- GIVEN INFORMATION -

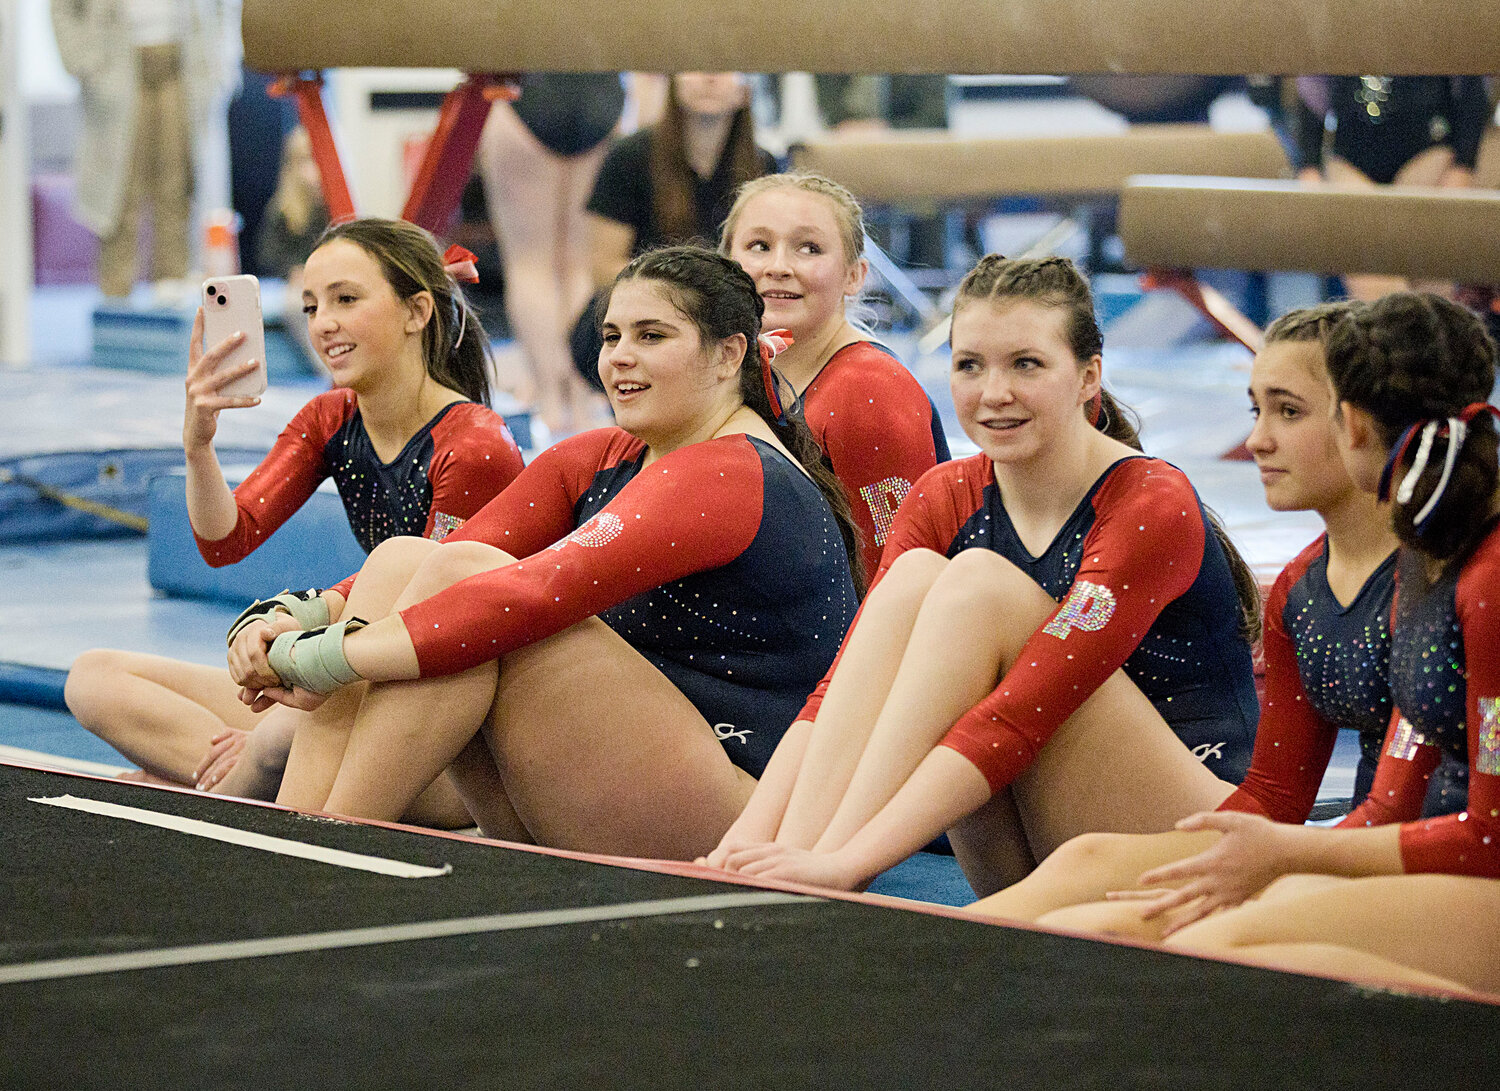 Portsmouth gymnasts look on as a teammate competes on floor.
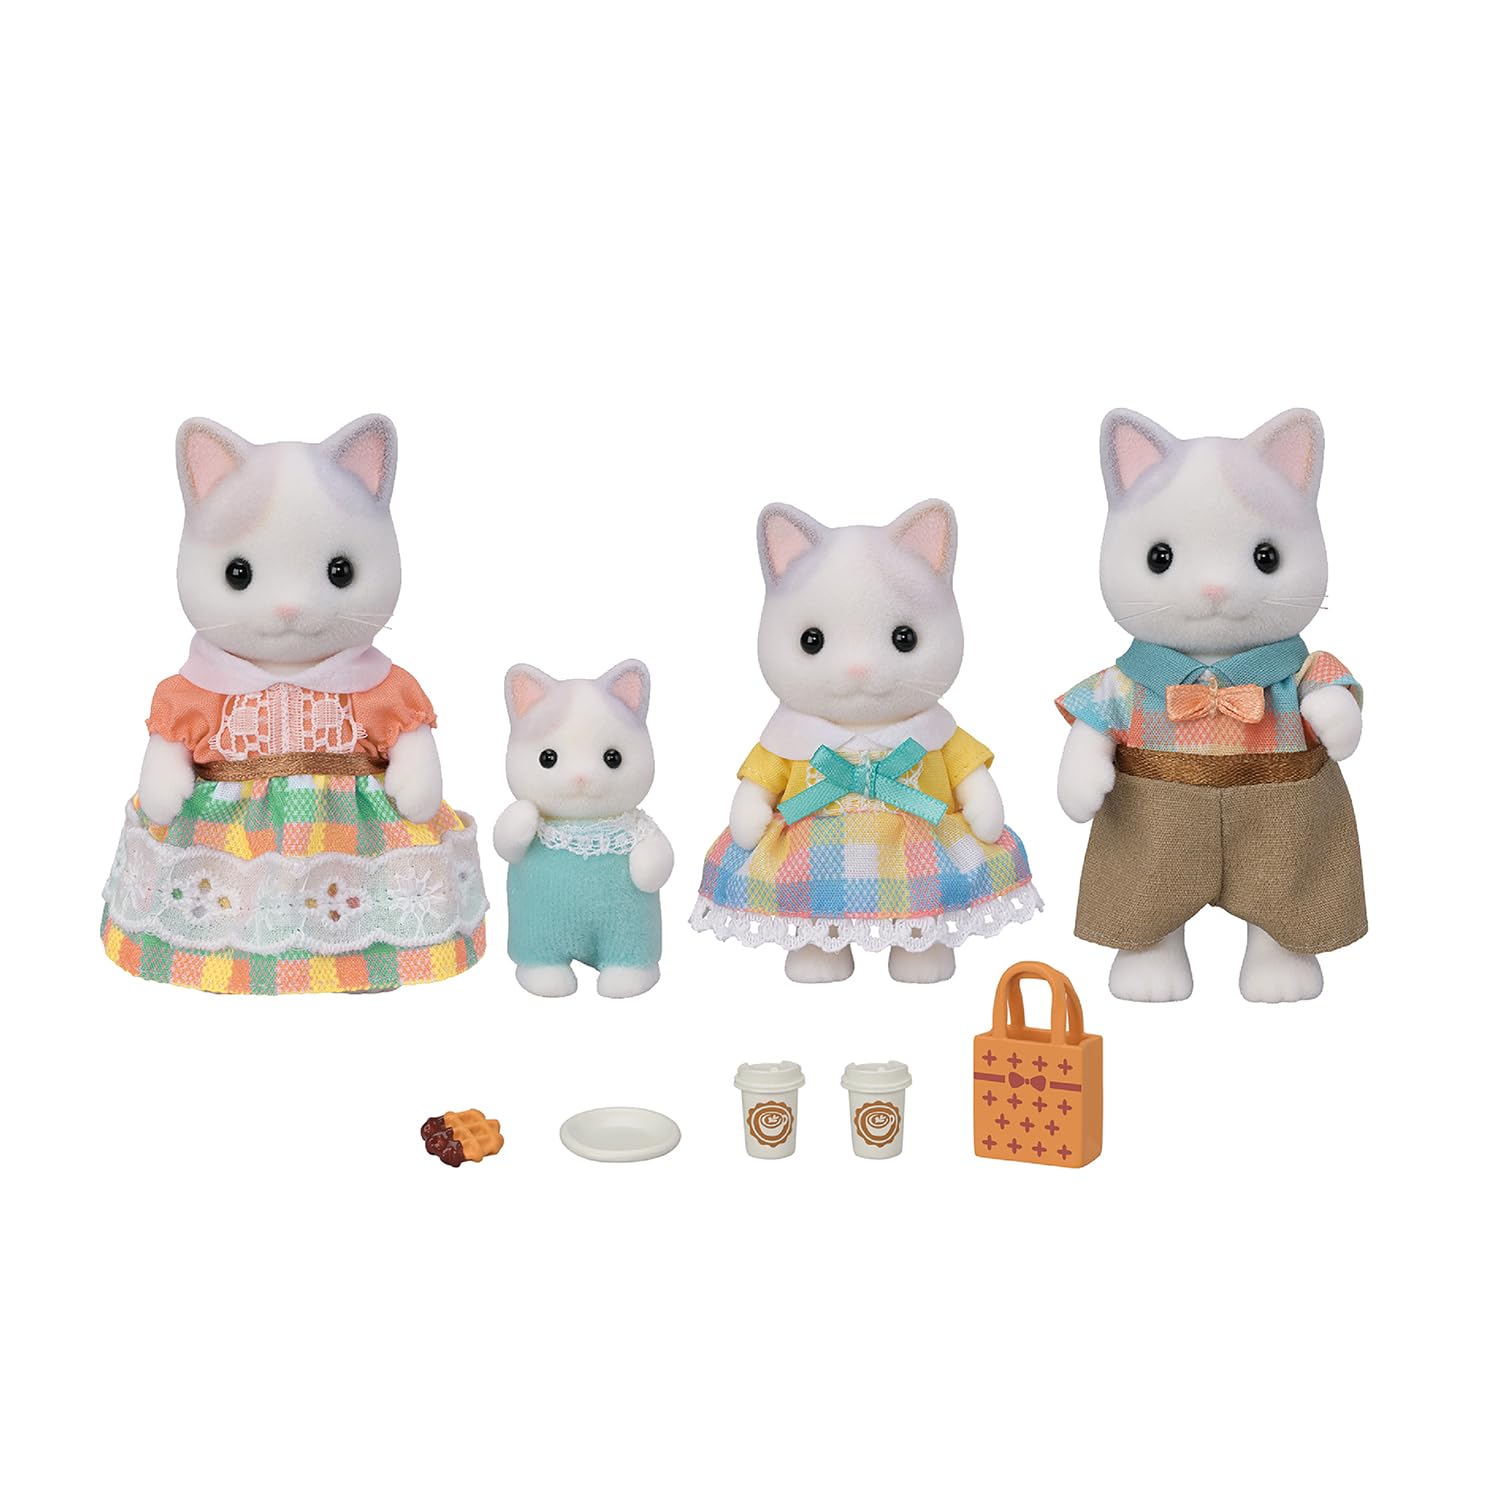 Calico Critters Latte Cat Family - Set of 4 Collectible Doll Figures for Ages 3+
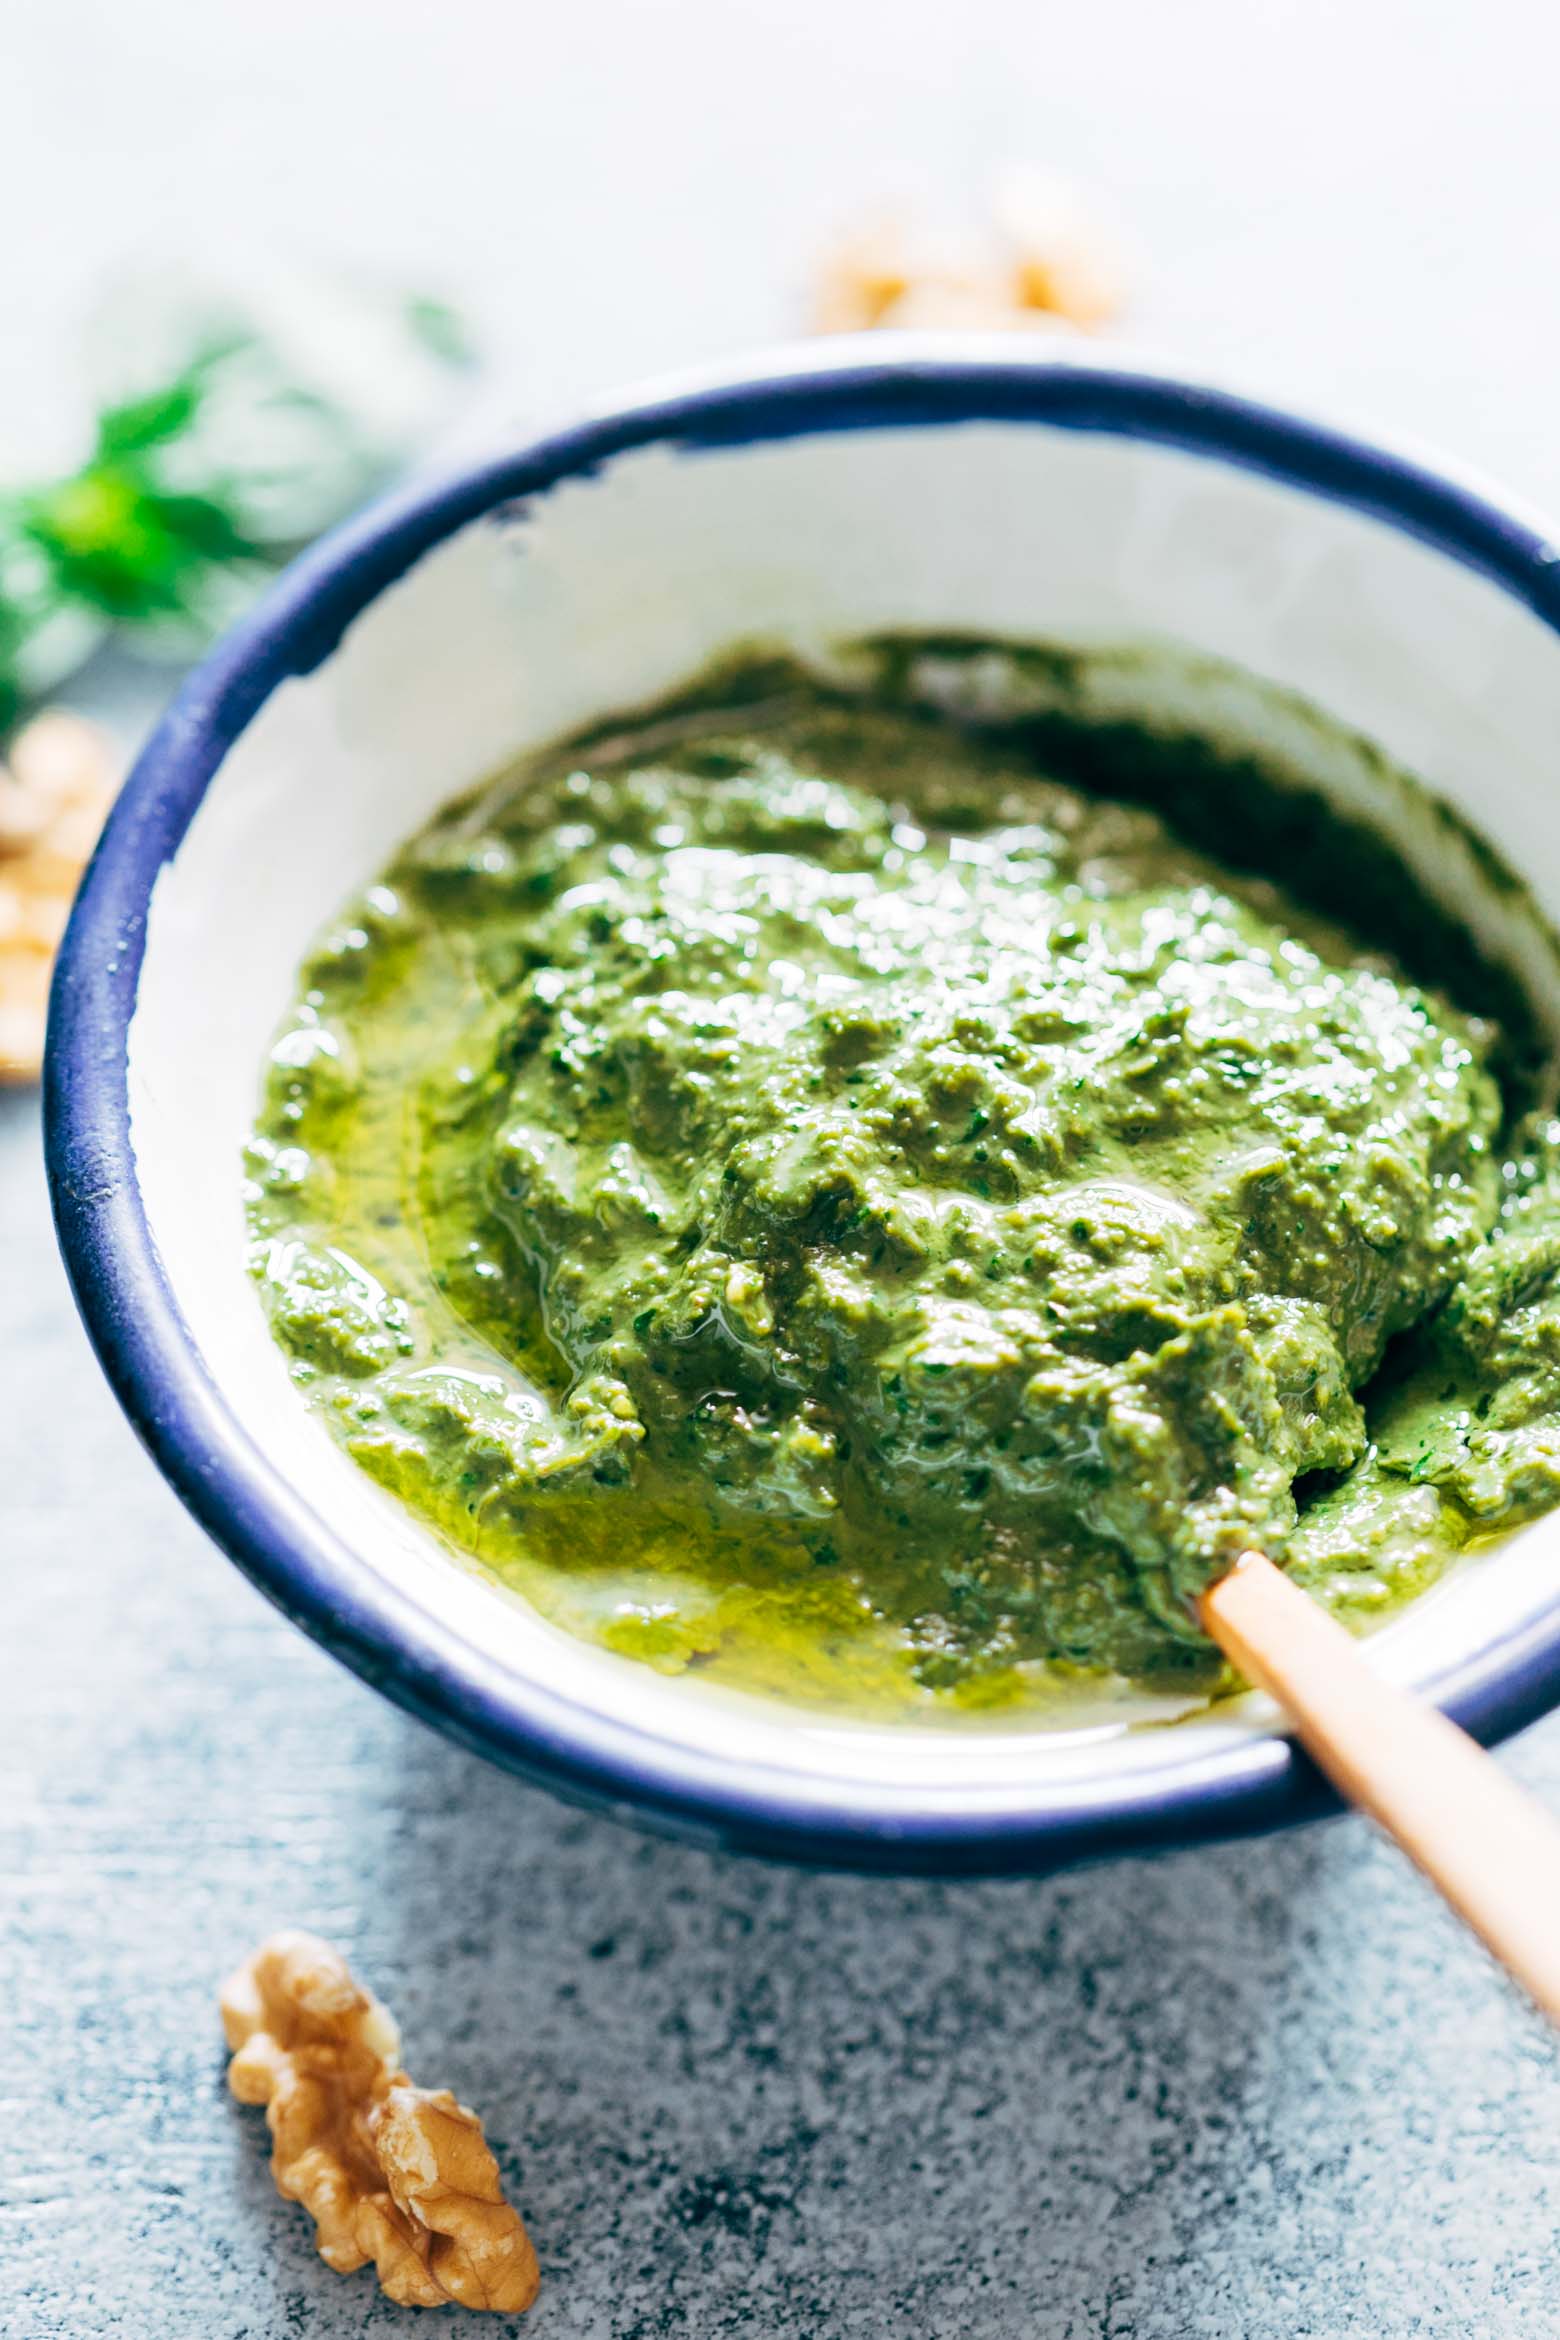 Basil Walnut Pesto is a super easy, homemade vegan pesto recipe that is perfect with pasta dishes, salads, on chicken and salmon as a sauce or even as a dip! The walnuts give it a creamy base which helps avoid the parmesan altogether, and are a great substitute to pine nuts. 

- WORK REQUEST -
The answer is to be the lines of the listing from the first through the one with "Calico Critters Latte", reproduced exactly, without any pictures.

- SOLUTION TO THIS PROBLEM -
 Portsmouth gymnasts look on as a teammate competes on floor.
 Calico Critters Latte Cat Family - Set of 4 Collectible Doll Figures for Ages 3+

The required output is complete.